The wheel is freely available on PyPI; Google publishes it as the official Cloud TPU PJRT plugin. Its public distribution and the interoperability/research purpose of this work are what make the analysis lawful — the same framing that applies to reverse-engineering any publicly distributed software toolchain. The authorities for that are cataloged under Legal Basis.

The contract for this page:

  • Provenance — the exact wheel, the two ELF objects inside it, their sizes and build-ids, and where the wheel is publicly distributed, stated so the artifact can be re-acquired and re-verified bit-for-bit.
  • Legal basis — the canonical reverse-engineering-for-interoperability authorities (US statute + case law, EU directive), cited precisely.
  • Tools, standards, references — the disassembler and ELF tooling; the binary-format and IR standards the analysis decodes against; and the public domain references for TPU/XLA/PJRT.
Artifactlibtpu-0.0.40-cp314-cp314-manylinux_2_31_x86_64.whl
Primary objectlibtpu/libtpu.so — 781,691,048 B, build-id 89edbbe81c5b328a958fe628a9f2207d
Secondary objectlibtpu/sdk.so — 22,541,240 B, build-id 4e9025466f71009fccb46a803806411c63744a0a
Wheel version0.0.40 (from the wheel METADATA; surfaced by __init__.py as __version__)
Embedded toolchainLLVM/MLIR 23-dev (trunk), monorepo commit 8918319853fbdf9e6f6cb69e96848f913a22bc31
Analysis toolIDA Pro 9.x (Hex-Rays decompiler + FLIRT)
MethodStatic reverse engineering of a not-stripped, symbol-bearing x86-64 ELF — no source, no debugger, no running TPU

Provenance

The analyzed artifact is one PyPI wheel. Everything in the book is recovered from the two ELF shared objects it contains. This section fixes those objects by the properties that uniquely identify them, so a reader can re-acquire the wheel, extract it, and confirm every figure below with readelf and ls.

The Artifact

The wheel filename encodes the full identity:

libtpu-0.0.40-cp314-cp314-manylinux_2_31_x86_64.whl
   |     |       |     |          |
   |     |       |     |          +-- platform: manylinux_2_31, x86-64 (glibc >= 2.31)
   |     |       |     +-- ABI tag: cp314 (CPython 3.14 ABI)
   |     |       +-- Python tag: cp314 (CPython 3.14)
   |     +-- version: 0.0.40
   +-- distribution: libtpu (Google Cloud TPU PJRT plugin)

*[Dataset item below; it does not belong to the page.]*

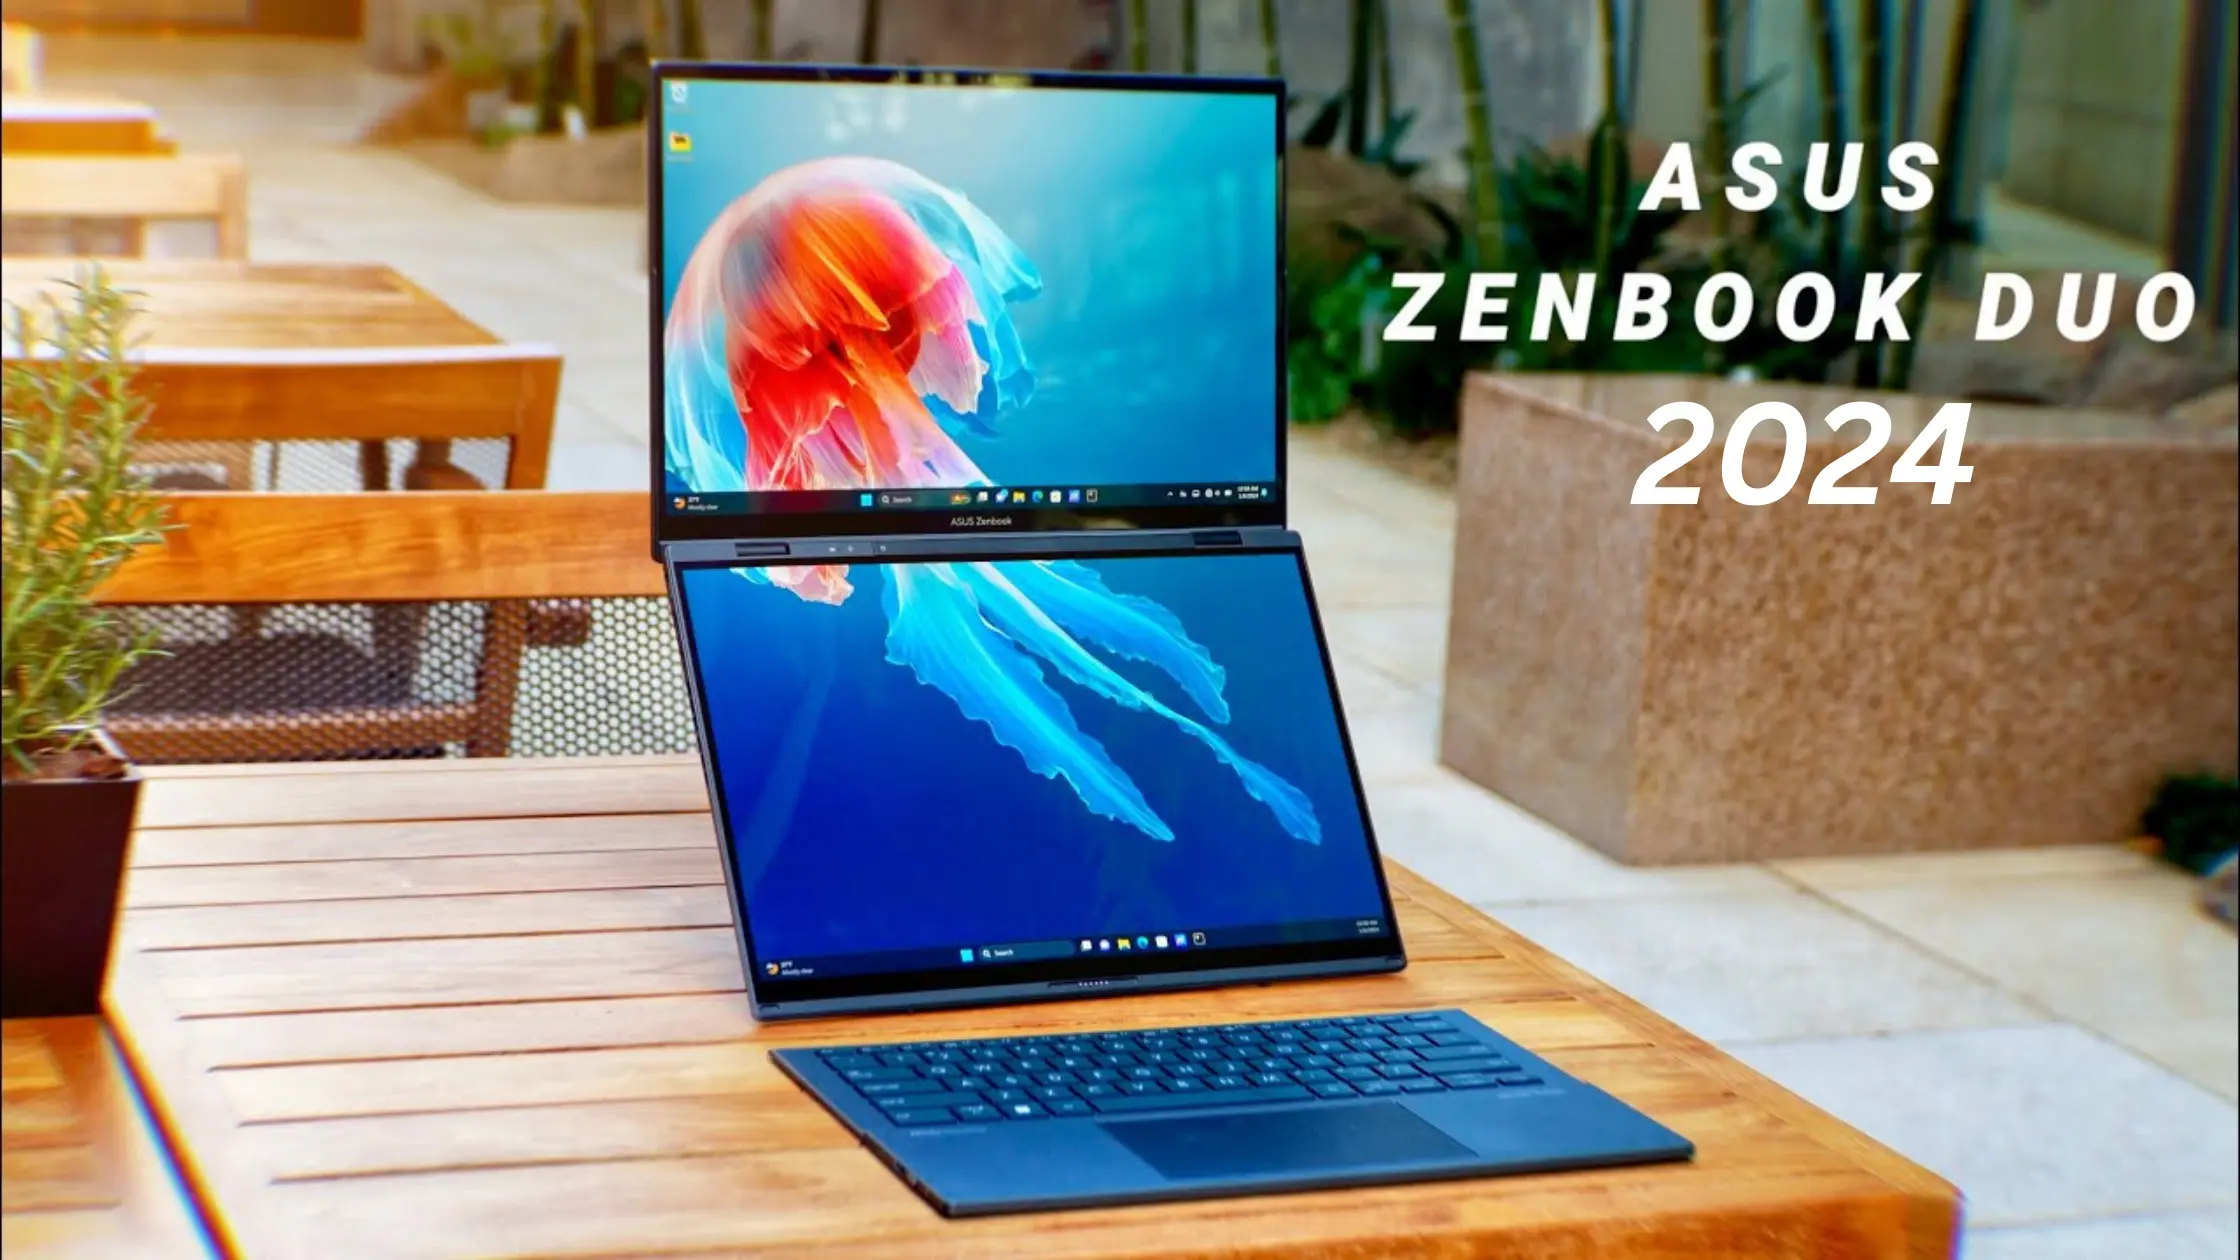 Asus Zenbook Duo 2024: भारत में लॉन्च हुआ डबल स्क्रीन वाला लैपटॉप, जानें Specifications और कीमत!

A wheel is a ZIP archive; extracting it yields a libtpu/ package directory containing the two shared objects plus packaging metadata (__init__.py, LICENSE, THIRD_PARTY_NOTICES.txt, SDK_THIRD_PARTY_NOTICES.txt). The package LICENSE identifies the software as Copyright [2026] Google LLC, made available under the Google Cloud Platform agreement. The package's __init__.py derives __version__ from importlib.metadata.version("libtpu") — i.e. the 0.0.40 wheel version recorded in the wheel's METADATA. (No separate "runtime version" string is observable in either ELF object or in the extracted package text files; any distinct internal version number is a runtime query, not a fact reproducible from the static artifact, and is not relied on below.)

Facts Table

Every figure here is directly observable: sizes from ls -l or stat, build-ids and ELF class from readelf -n / readelf -h / file.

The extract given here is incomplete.